Going for Great
By creating distinctive concepts, the UW Union South has become a campus destination. When it came to creating concepts for the new Union South at the University of Wisconsin, Madison, Carl Korz, assistant director for dining services for Wisconsin Unions, says his team wasn’t aiming for just “good.” They were going for &
MADISON, Wis.—When it came to creating concepts for the new Union South at the University of Wisconsin, Madison, Carl Korz, assistant director for dining services for Wisconsin Unions, says his team wasn’t aiming for just “good.” They were going for “great.” Korz says that a combination of delicious food and restaurant-influenced design elevated the concepts to something special.
“We had 3,000 students involved [in the development] in a meaningful way,” Korz says. “We utilized focus groups and then had a core group of students weigh in on everything from the design to the menu. We took the core concepts students said they wanted and said, ‘OK, what is going to differentiate us from your average place? What is going to really make this a destination?’”
With that goal in mind, the team settled on five distinctive concepts: Ginger Root, Harvest Grains, Prairie Fire, Urban Slice and The Sett. To create commercial-style designs, the department teamed up with an outside company, which used unit design, signage, etc., to tell the specific story Korz and his team wanted in each concept.
Ginger Root: Students heavily favored a pan-Asian concept, according to Korz, but the team didn’t want to create a generic mall-type restaurant.
“We wanted to have a unit that could provide the pan-Asian experience, but it had to do more than just stir-fry,” Korz says. “So we designed a unit that was based on stir-fries and curries but that also offered a dim sum table that allows customers to mix and match flavors. We also put in traditional Asian beverages. We work with our local Asian vendors to bring in all sorts of things from China, Thailand and Japan, and they fly out of the case.”

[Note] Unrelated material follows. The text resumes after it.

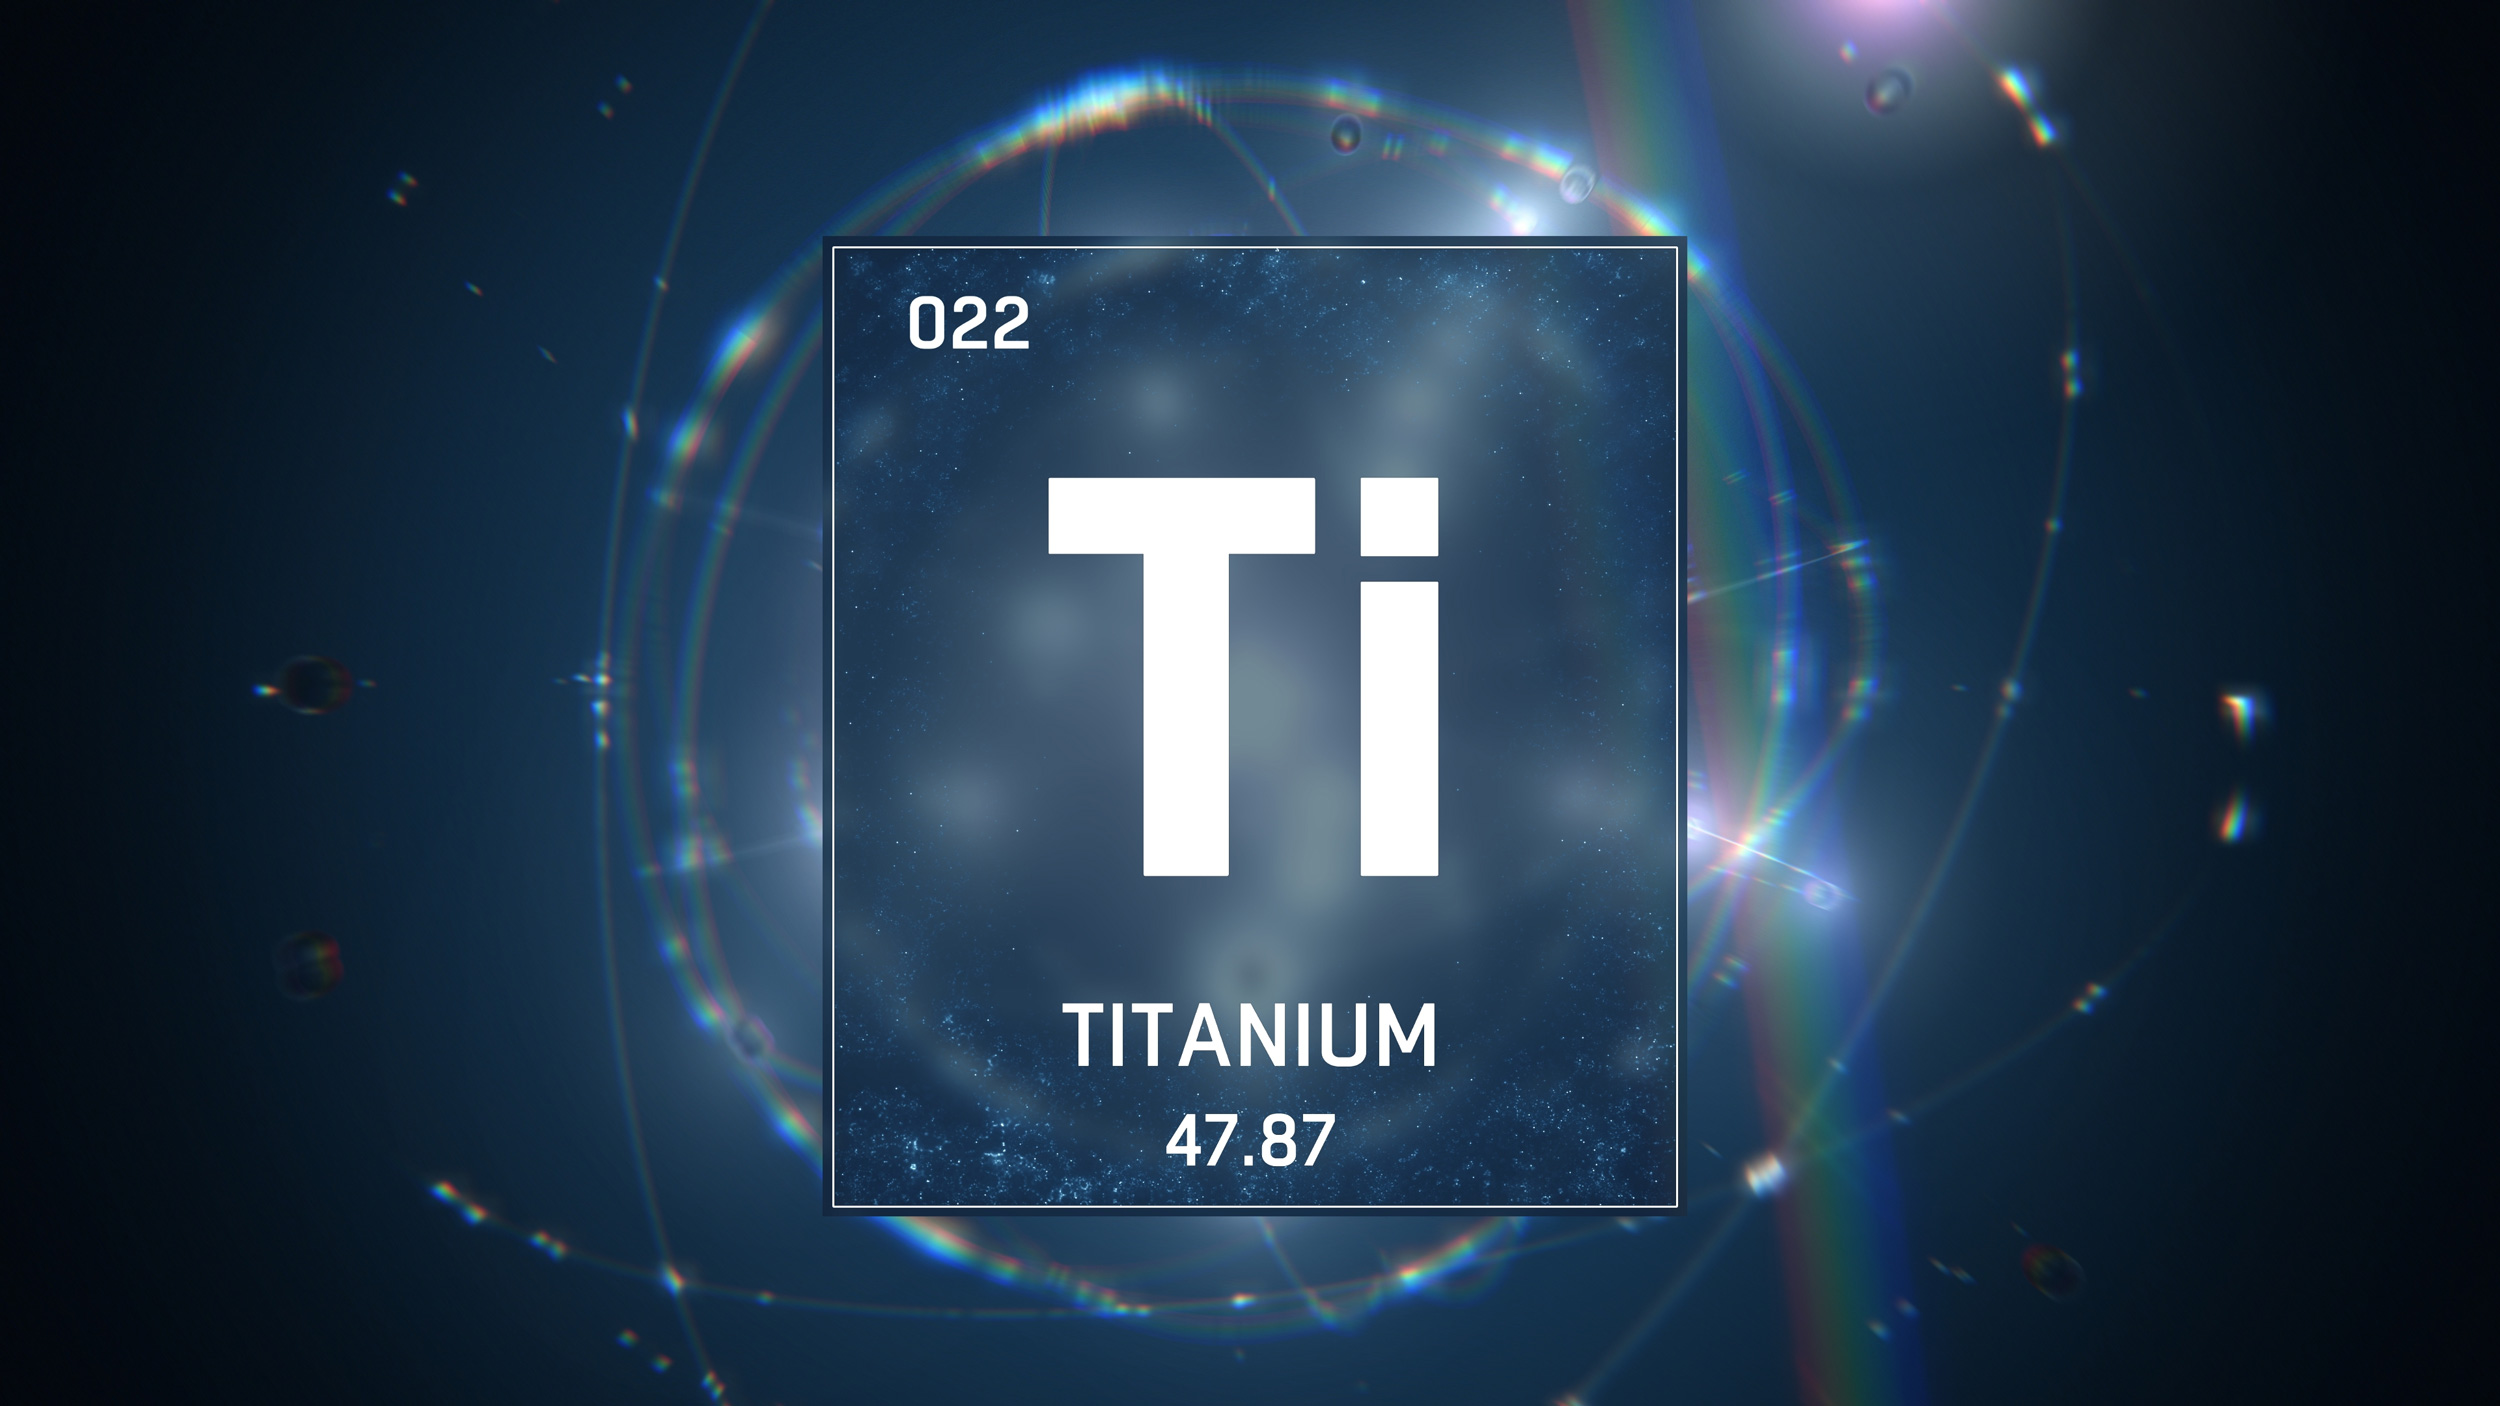 Successful titanium production from commercial pilot plant
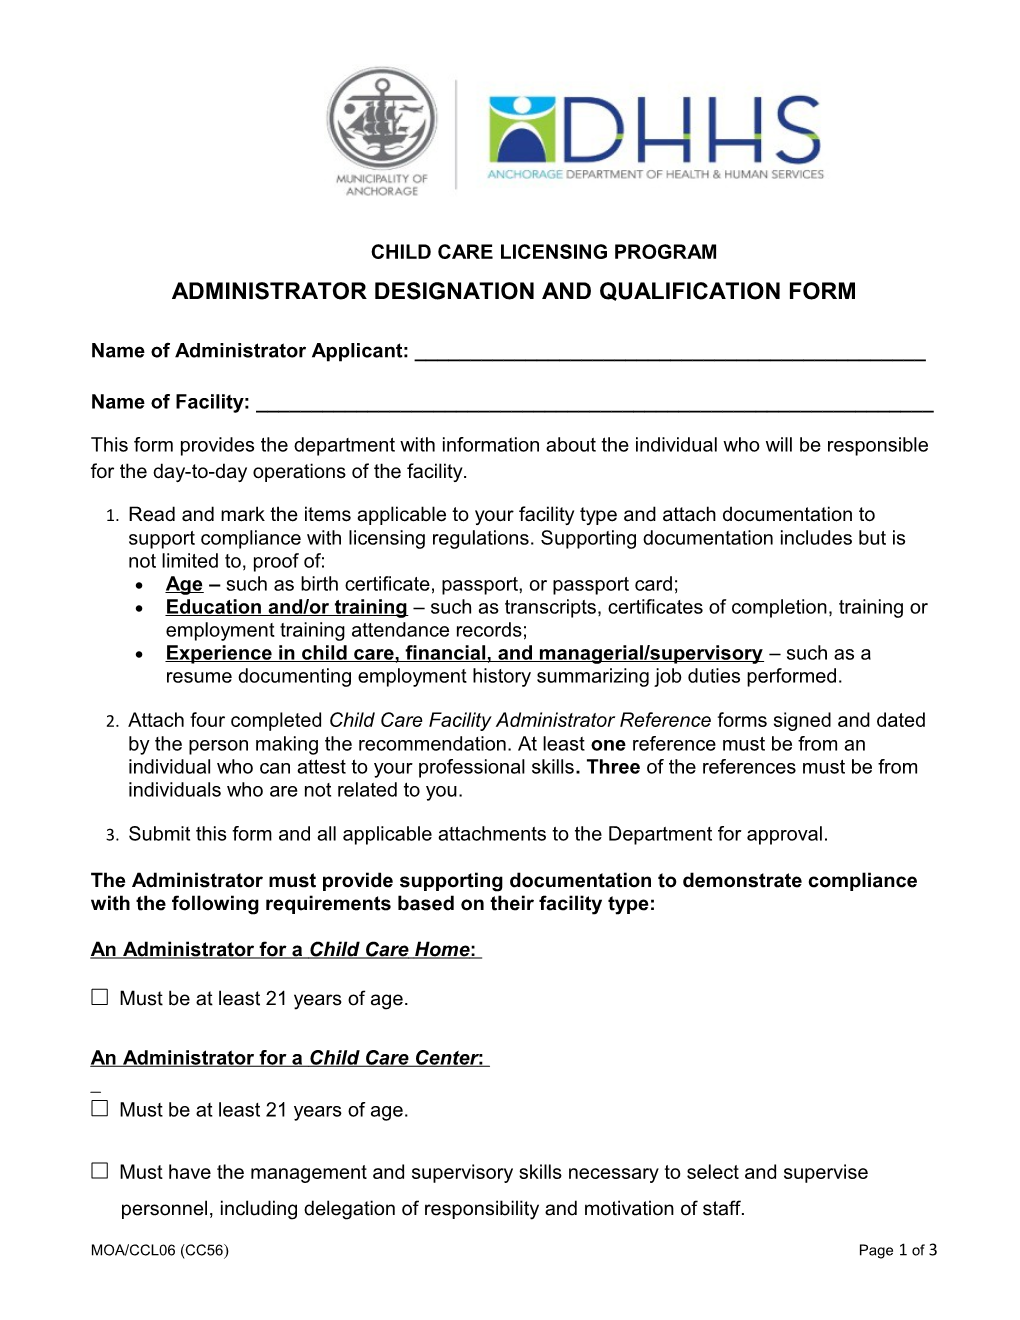 CCL06 Administrator Designation and Qualification Form

Korz says these touches are part of the plan to make the concept more than just the average Asian option. Another special touch is the concept’s large condiment counter. Korz says it has been very popular because everyone can find their own favorite things at the counter to make dishes suit their taste.
“We felt that we couldn’t go for the absolute, most-authentic route in any of these operations,” Korz says. “What we wanted to do was really take authentic cues but have a little bit of fun with the concepts.”
The design of Ginger Root uses a cool, Zen-like color palette, says Korz. One of Korz’s favorite pieces is a 450-pound sliding barn door, made from reclaimed wood, which can divide the space for cooking classes or private events. Other elements include a wooden floor that is “somewhere between white oak and bamboo,” carved highboy chairs with a bamboo finish and dark granite tables.